The alerting system helps you take timely action by triggering customized notifications based on pre-defined thresholds and rules. DataCore Puls8’s alerting capabilities are designed for flexibility, allowing you to tailor alerts to operational standards and integrate with existing monitoring infrastructure.
Installation
The monitoring chart is included as a dependency in the DataCore Puls8 umbrella Helm chart.
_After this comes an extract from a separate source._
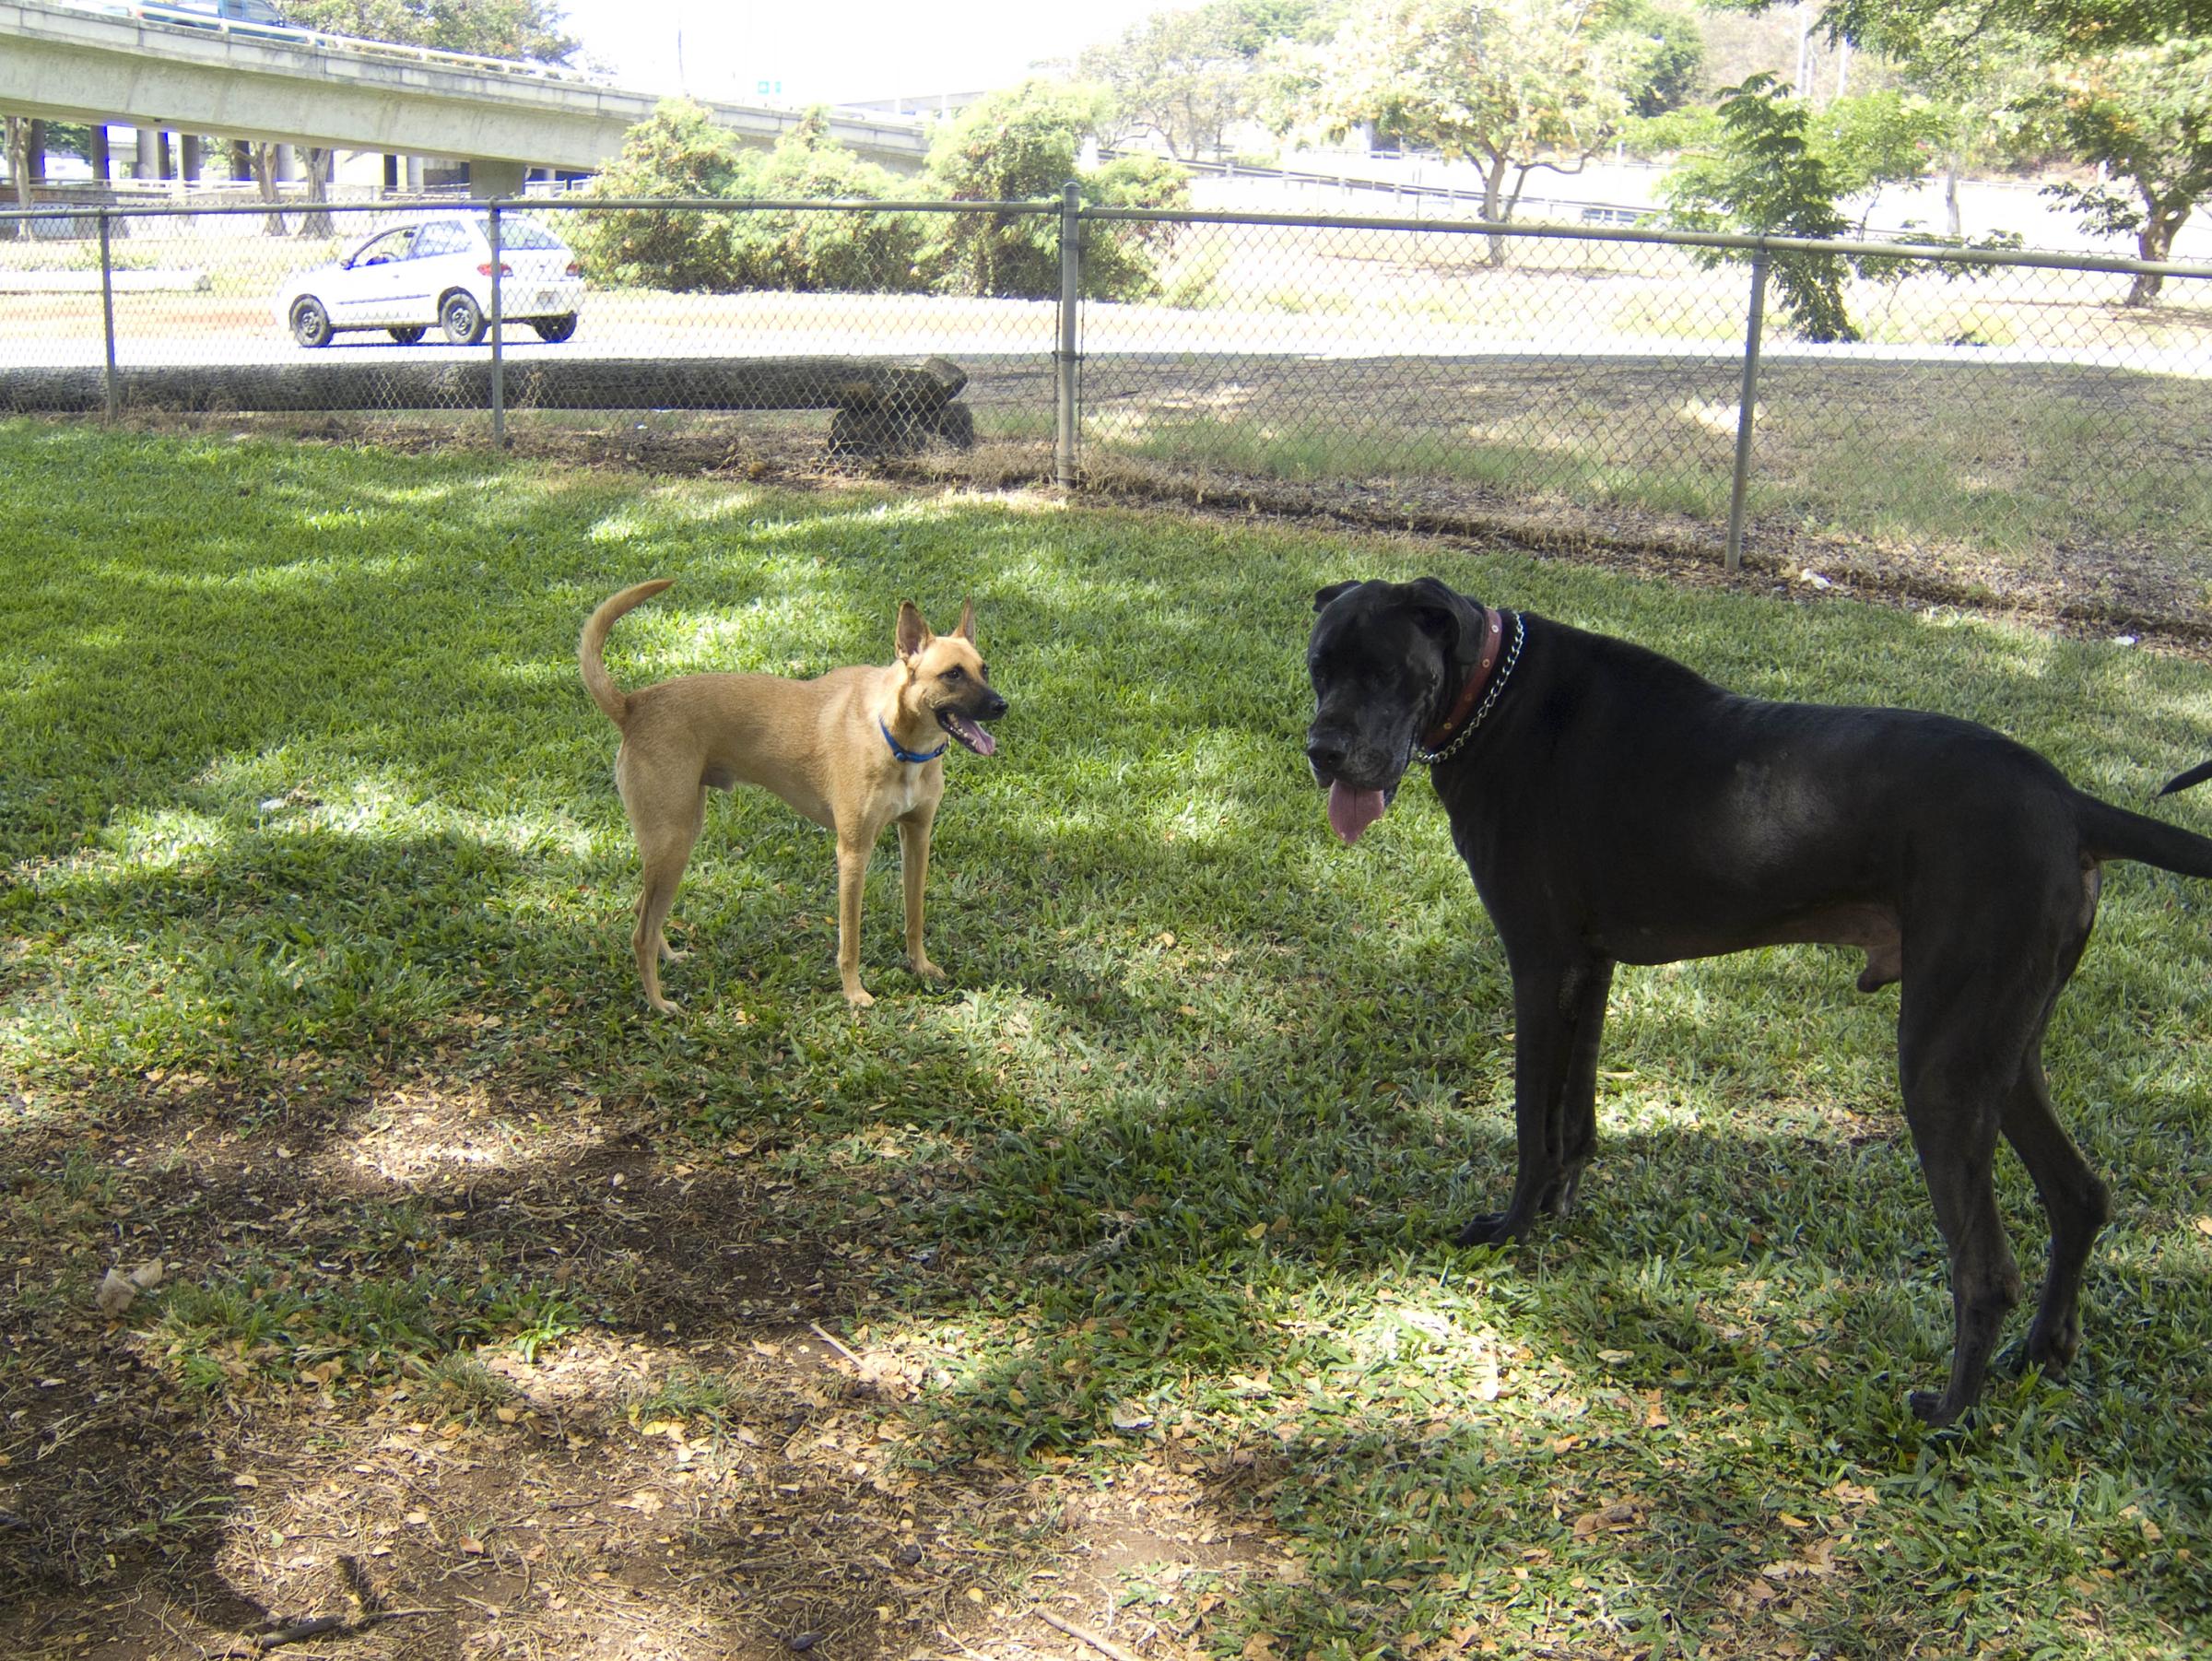 Pet Friendly Dog Park at Moanalua Community Park
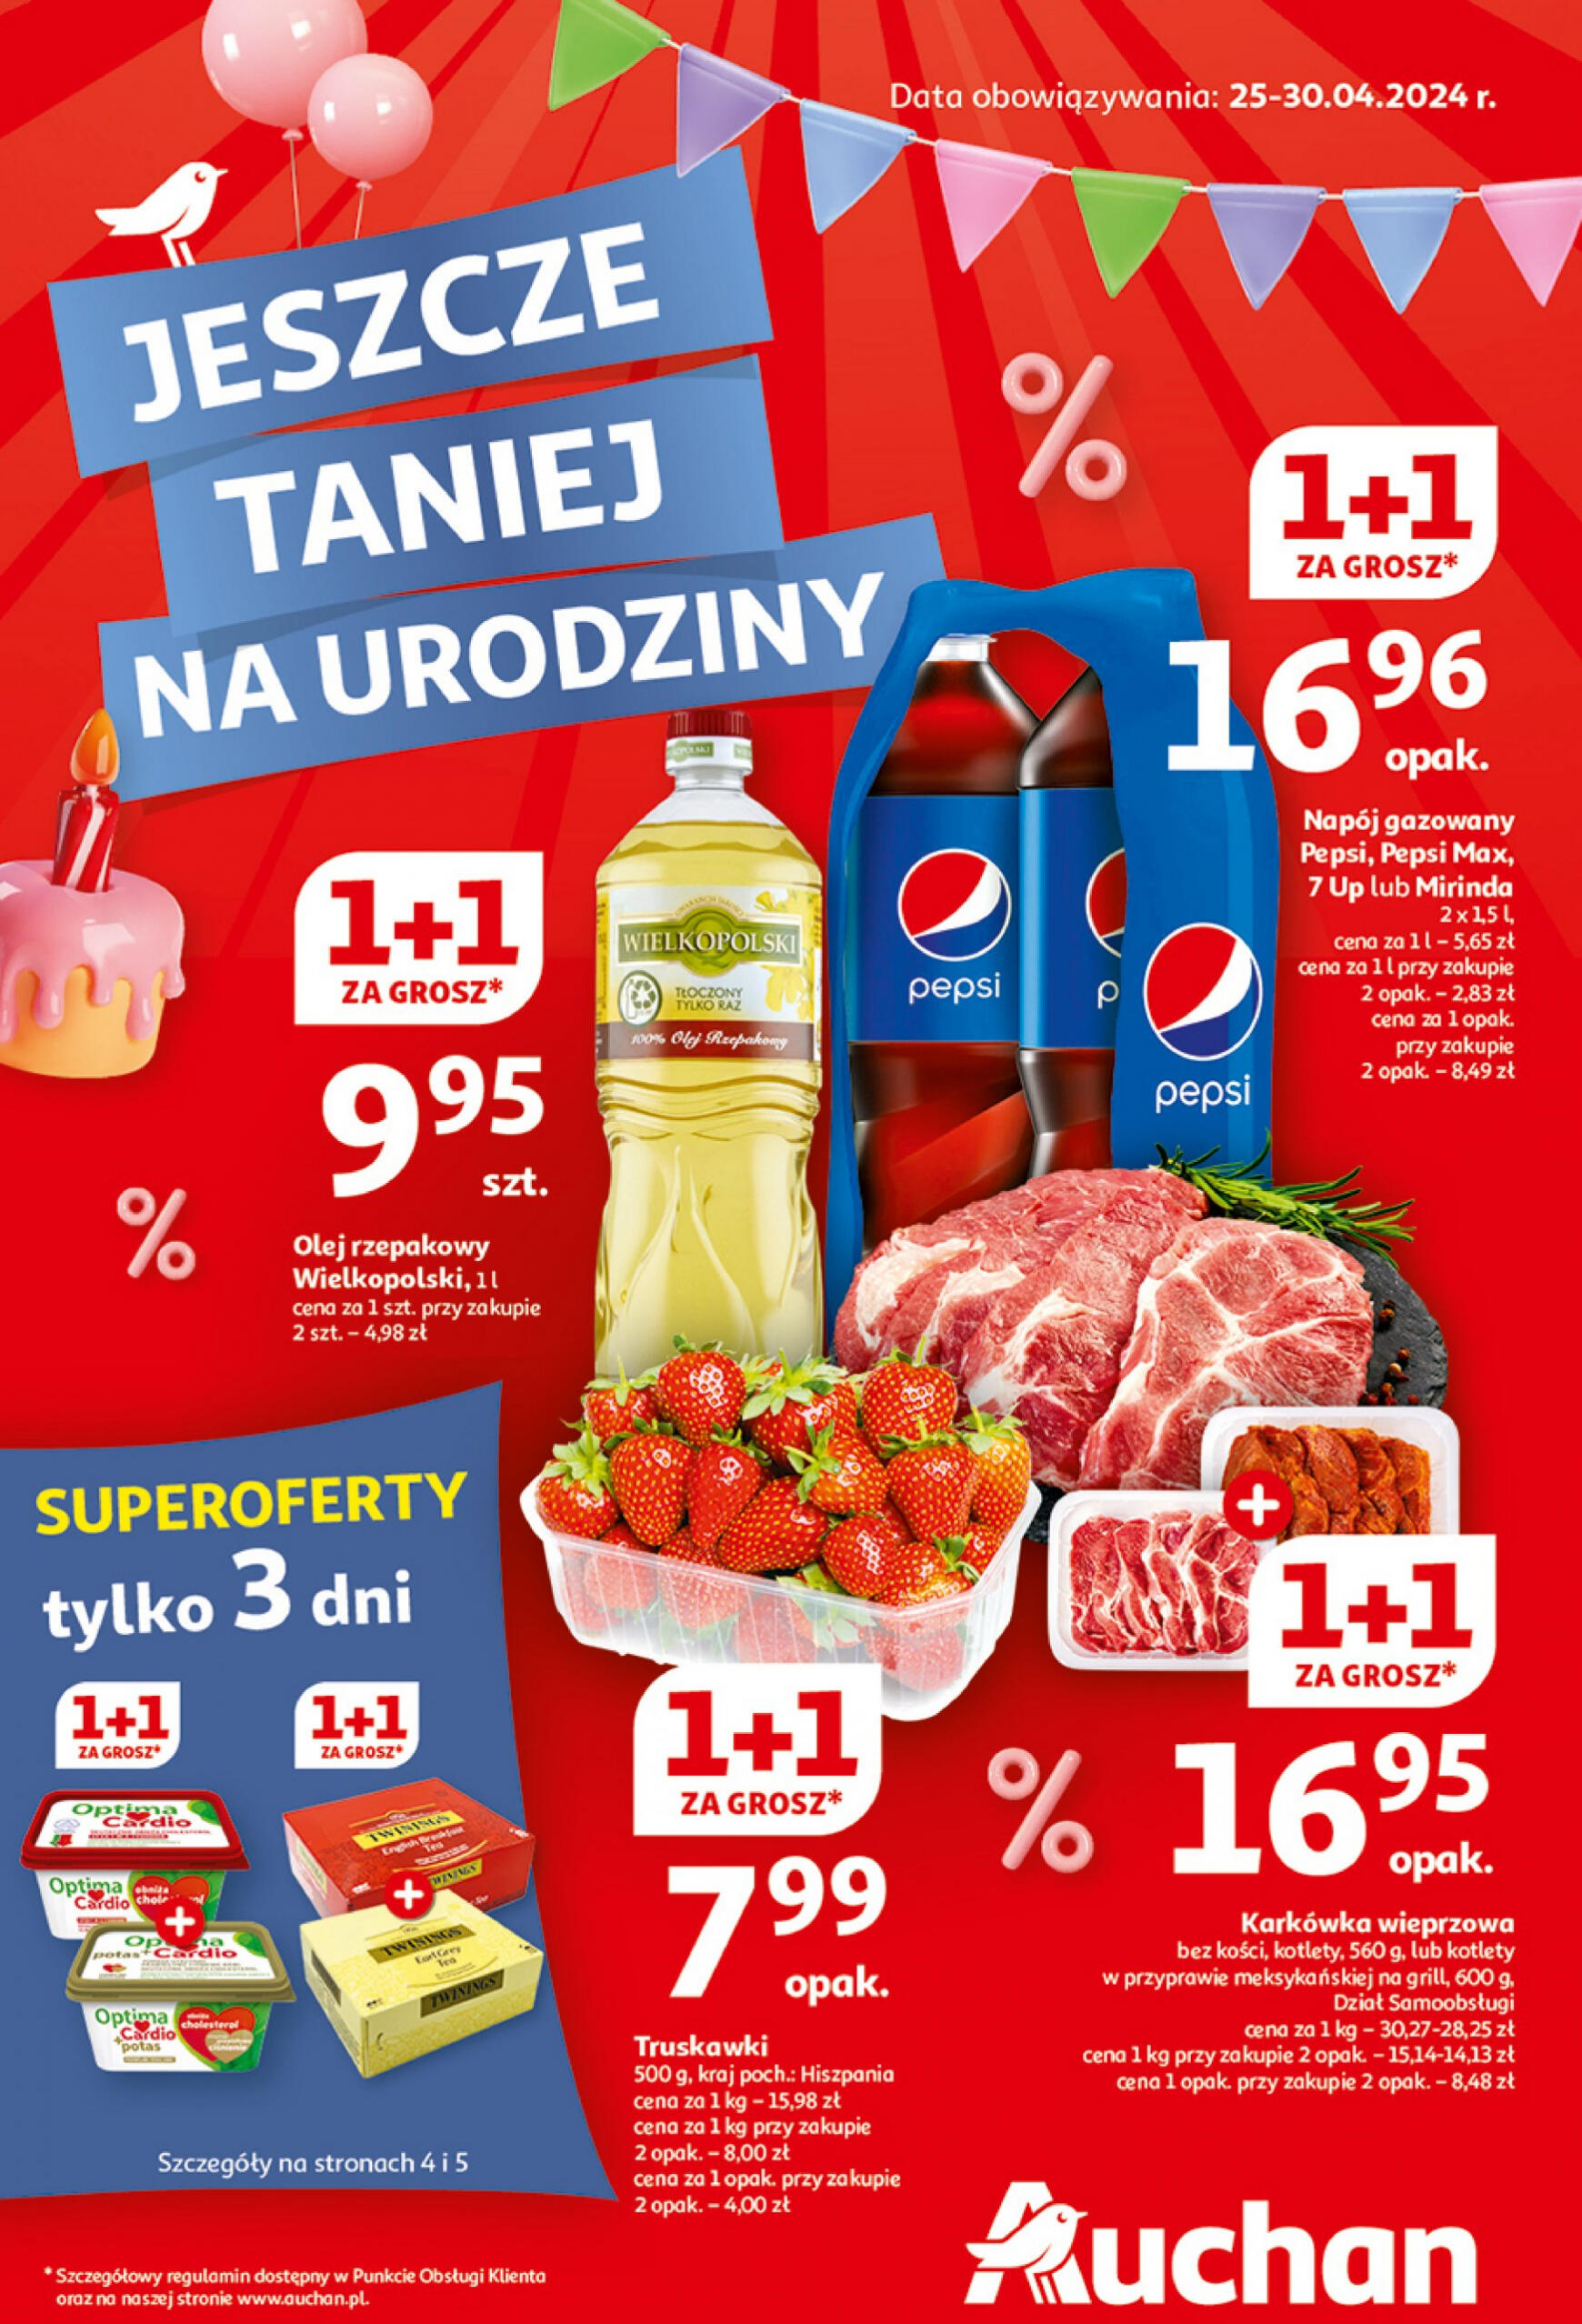 auchan - Hipermarket Auchan - Gazetka Jeszcze taniej na urodziny gazetka aktualna ważna od 25.04. - 30.04.

Monitoring is enabled by default, and the stack installs:
- kube-prometheus-stack v70.10.0
- DataCore Puls8 specific add-ons and configurations for:
- Prometheus
- Grafana
- Alertmanager
If you want to install DataCore Puls8 without the monitoring stack (Example: If your environment already includes kube-prometheus-stack), use the following Helm command:
helm install puls8 oci://registry-1.docker.io/datacoresoftware/puls8 \
-n puls8 --create-namespace --version 4.3.0-develop \
--set monitoring.kube-prometheus-stack.install=false
This installs only DataCore Puls8-specific monitoring custom resources (CRs). If these CRs are installed in a different namespace, some additional configuration is required.
If you already have kube-prometheus-stack installed:
Prometheus Rule Selector Adjustment
To prevent the DataCore Puls8-specific rules from being ignored due to mismatched release labels, adjust the rule selector in the existing Prometheus installation:
helm upgrade <release_name> prometheus-community/kube-prometheus-stack -n monitoring \
--set prometheus.prometheusSpec.serviceMonitorSelector.matchLabels=null \
--set prometheus.prometheusSpec.podMonitorSelector.matchLabels=null \
--set prometheus.prometheusSpec.ruleSelector.matchLabels=null
This allows Prometheus to detect and process rules regardless of label mismatches.
Handling Alertmanager from External Stack
If Alertmanager is installed separately (i.e., not managed by DataCore Puls8), you must manually integrate DataCore Puls8 alerting by adding child routes and receivers specific to DataCore Puls8 alerts in the existing Alertmanager configuration.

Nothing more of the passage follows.